[USE OF CASES WITH PREPOSITIONS.]

[1401.] Two cases, the accusative and the ablative, are used with prepositions.

[1402.] Prepositions were originally adverbs which served to define more exactly the meaning of a verb.

Thus, endo, in, on, the older form of in, is an adverb, in an injunction occurring in a law of the Twelve Tables, 451 B.C., manum endo iacitō, let him lay hand on. Similarly, trāns, over, in trānsque datō, and he must hand over, i.e. trāditōque.

[1403.] In the course of time such adverbs became verbal prefixes; the verbs compounded with them may take the case, accusative or ablative, required by the meaning of the compound. Thus, amīcōs adeō, I go to my friends ([1137]); urbe exeō, I go out of town ([1302]).

[1404.] For distinctness or emphasis, the prefix of the verb may be repeated before the case: as, ad amīcōs adeō; ex urbe exeō. And when it is thus separately expressed before the case, it may be dropped from the verb: as, ad amīcōs eō; ex urbe eō.

[1405.] The preposition thus detached from the verb becomes an attendant on a substantive, and serves to show the relation of the substantive in a sentence more distinctly than the case alone could.

[1406.] A great many adverbs which are never used in composition with a verb likewise become prepositions: as, apud, circiter, īnfrā, iūxtā, pōne, propter, &c., &c. The inflected forms of substantives, prīdiē, postrīdiē ([1413]), tenus ([1420]), and fīnī ([1419]), are also sometimes used as prepositions. And vicem ([1145]), causā, grātiā, nōmine, ergō ([1257]), resemble prepositions closely in meaning.

[1407.] A trace of the original adverbial use of prepositions is sometimes retained, chiefly in poetry, when the prefix is separated from its word by what is called Tmesis: as, īre inque gredī, i.e. ingredīque, Lucr. 4, 887, to walk and to step off. per mihī̆ mīrum vīsum est, DO. 1, 214, passing strange it seemed to me.

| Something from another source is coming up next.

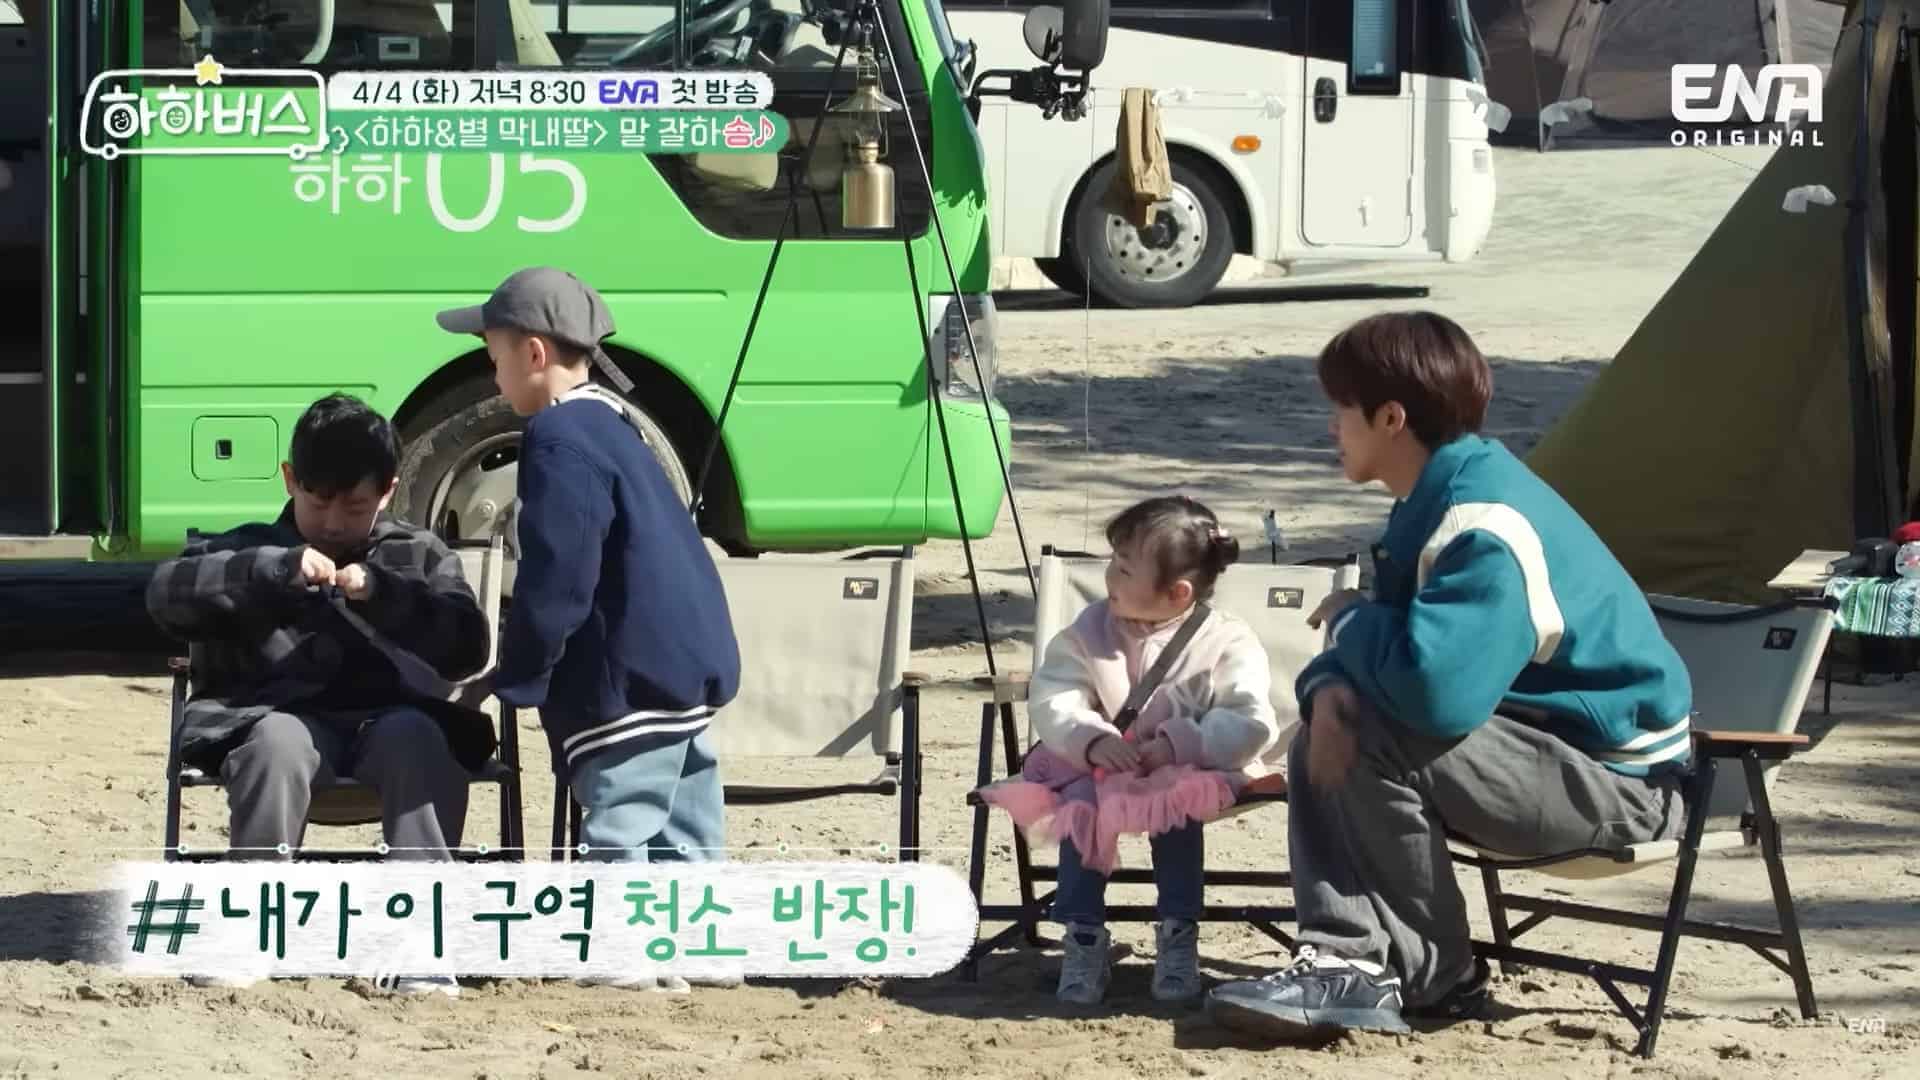 Ha Ha Bus Episode 5 preview

[1408.] Even such words as are used almost exclusively as prepositions sometimes retain their original adverbial meaning also: as, adque adque, E. in Gell. 10, 29, 2, and up and up, and on and on, or and nearer still and still more near. occīsīs ad hominum mīlibus quattuor, 2, 33, 5, about four thousand men being killed. susque dēque, Att. 14, 6, 1, up and down, topsy turvy, no matter how.